И еще более поспешно она принялась петь песню рабов.
Тихий, дальний слышу голос И во сне, и наяву Из глубин прошедшей жизни Иль из той, что проживу…
Призовет меня Богиня – Я рванусь во тьму веков В новом облике отныне Жить свободным, без оков!
Он попросил ее спеть еще раз и стал внимательно вслушиваться в слова.
– Так вот как ты это объясняешь, – сказал он. – Значит, Шонсу жил в одном мире, а Уолли Смит – в другом, но оба они – один и тот же человек. Одна душа. А потом что-то вдруг перепуталось?
– Говорят, что сны – именно это, све… Уолли, – она с досадой тряхнула головой. – Наша другая жизнь.
Он не отмахнулся от ее слов как от пустой болтовни, а глубоко задумался.
– Перевоплощения? Понятно, почему тебе нравится такой взгляд на вещи.
Но ведь нет сомнения в том, что, рождаясь, человек входит в мир, а умирая, покидает его? – он улыбнулся, но как будто с усилием. – Я – новорожденный младенец, Джа. Каким я буду, когда вырасту?
– Я… не знаю, светлейший.
– Извини! Я не должен был смеяться над… Я знаю, ты хочешь мне помочь, и я очень признателен тебе. Почему ты стала рабыней?
– Я была очень плохой, светлейший.
– Как это понять?
– Я не знаю, светлейший.
– В прежней жизни?
Она смущенно кивнула. Стоит ли вообще говорить об этом?
Он нахмурился.
– Так значит, жрецы велят тебе быть хорошей рабыней в этой жизни? Вот как!
Он опять замолчал и задумался.
– Богиня о них позаботится, – сказала она, набравшись смелости.
– О ком?
Кажется, она ошиблась.
– О ваших… женщинах, сыновьях…
В его взгляде опять вспыхнул мужской интерес.
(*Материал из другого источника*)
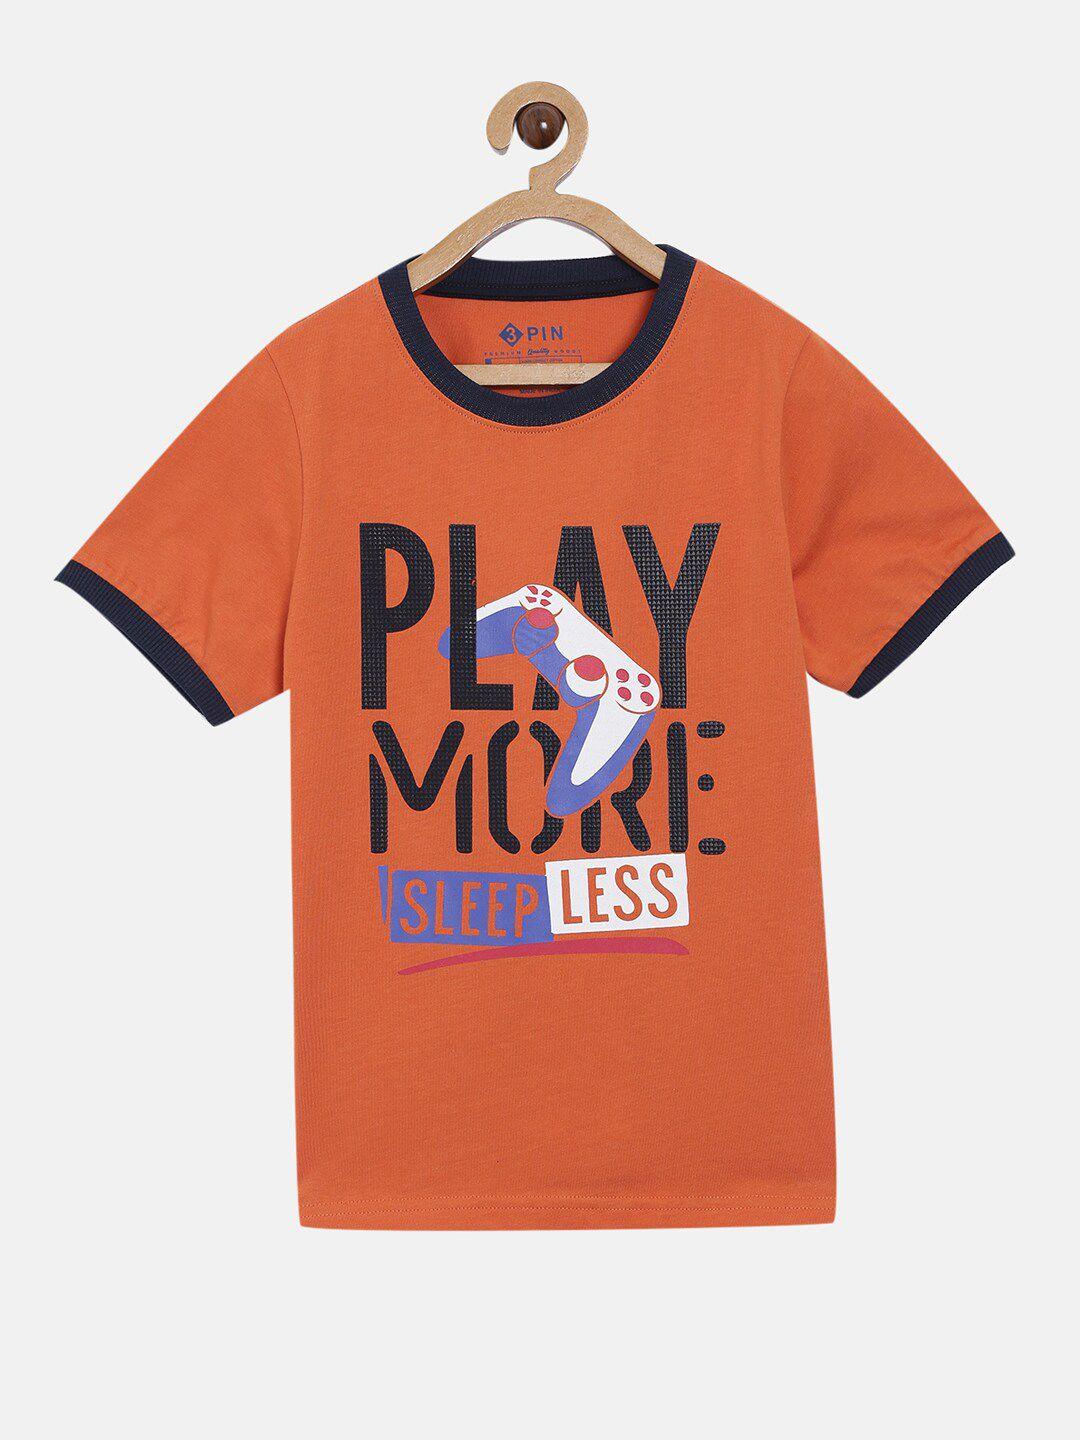 3pin boys orange typography printed t-shirt

Он покачал головой.
– Ничего подобного! У меня никого нет… Так ты об этом думала? – он стал еще печальнее. – И зачем говорить только о сыновьях? А если бы у меня были дочери, разве не стал бы я о них заботиться?
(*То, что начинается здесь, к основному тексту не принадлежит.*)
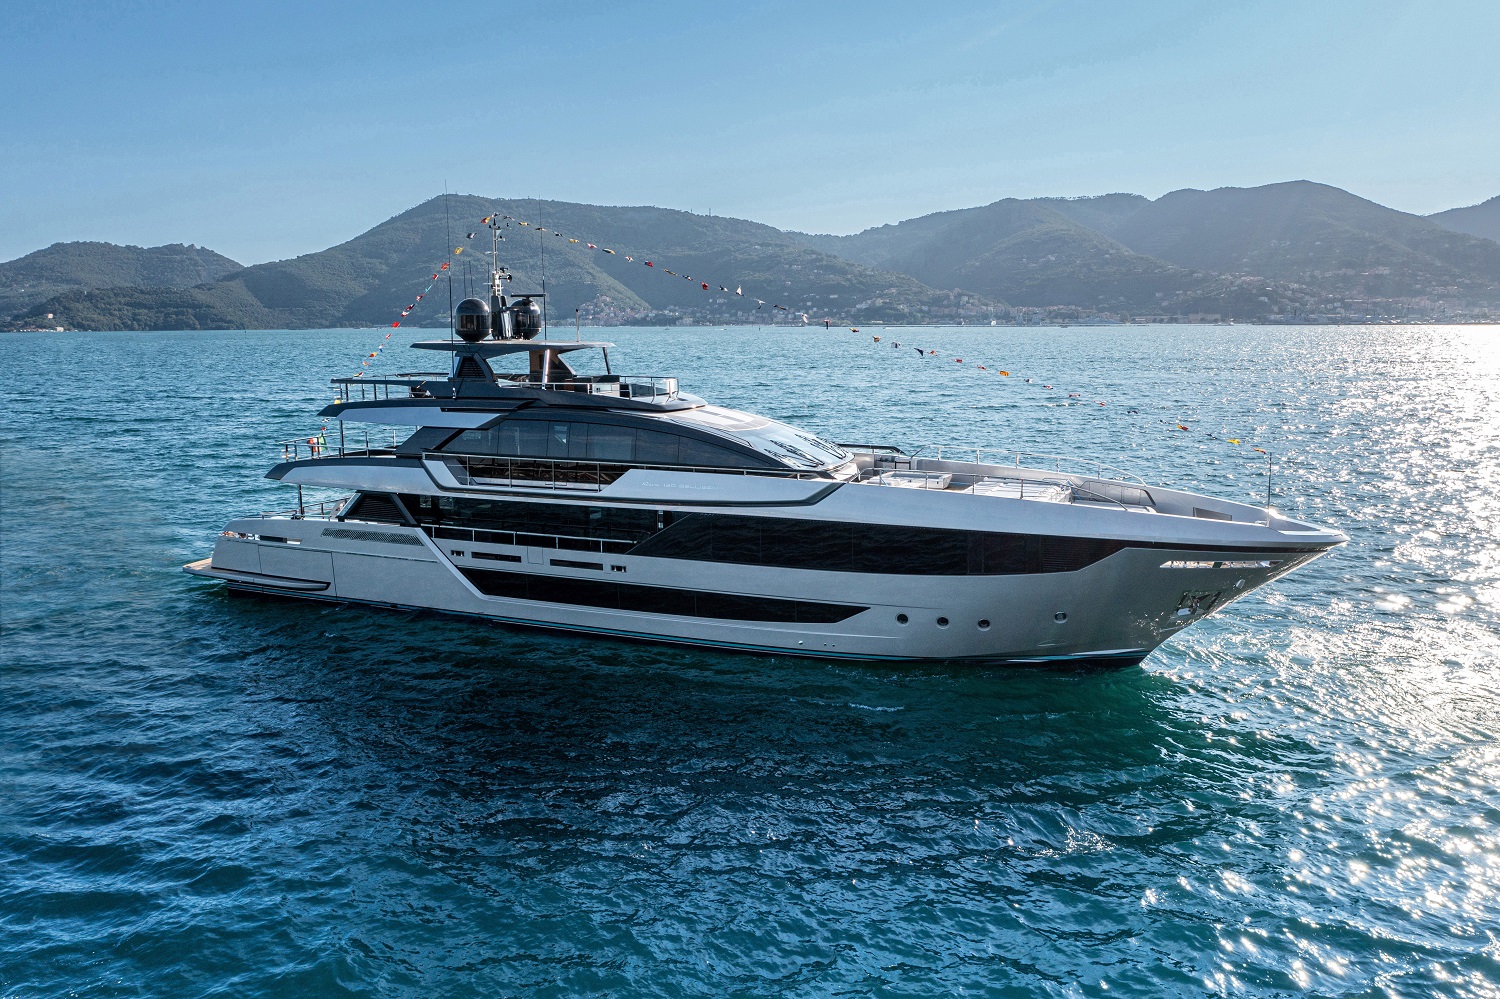 Grande successo per Ferretti Group  al Monaco Yacht Show con i super yacht in acciaio e due world première

– Я думала… воин.. – от волнения она начала заикаться.
– Никакой я не воин, Джа, – он вздохнул. – Ни в этом мире, ни в каком другом. И никогда им не буду.
– Богиня может сделать все, светлейший.
Он опять улыбнулся, на этот раз с сожалением.
– Вряд ли она сможет сделать из меня воина. Чтобы научиться владеть мечом, нужны годы. Джа… – он замолчал, – пожалуйста, выслушай меня. Я не хочу сегодня с тобой… развлекаться… хотя я уверен, что именно этого ты от меня ждешь. Но не думай – это не потому, что ты непривлекательна, – глядя на тебя, я весь дрожу. Ты великолепна, но дело не в этом.
Она не должна подавать вида, что разочарована.
Он опять смотрел на свечу.
– И дело не в том, что тебе приходится этим заниматься со многими мужчинами. Я думаю, именно так и бывает, да?
Может быть, его связывает клятва?
– Да, светлейший… Уолли. Если они платят моей хозяйке.
Свеча опять осветила его белые зубы.
– Значит, у тебя нет выбора, и значит, это не роняет тебя в моих глазах. Дело не в этом… Может быть, тебе трудно будет понять Там, откуда я пришел, мы презираем тех, у кого есть рабы. Если я скажу тебе «ложись», то тебе пришлось бы лечь, а такое положение вещей меня не устраивает. Мужчина и женщина занимаются этим, когда они любят друг друга и оба этого хотят. Поэтому у нас ничего не будет.
– Я хочу этого, светлейший! – О нет! Откуда у нее взялось мужество?
Ну да, ведь это всего лишь сон.
– Потому что должна! Нет, Джа.
Видимо, так действует вино… Она с трудом поборола желание рассказать ему, что за нее всегда платили больше, чем за других, и поэтому Кикарани приберегала ее для стариков, для тех, у кого денег больше, что молодые мужчины всегда доставались старым и некрасивым женщинам. Неужели он не понял, почему она защитила его от посторонних глаз именно таким образом? И не понял, что, слыша его молчание, ей хочется плакать от бессилия. И в то же время она приходила в ужас при мысли о том, что он может проснуться и увидеть рядом с собой рабыню.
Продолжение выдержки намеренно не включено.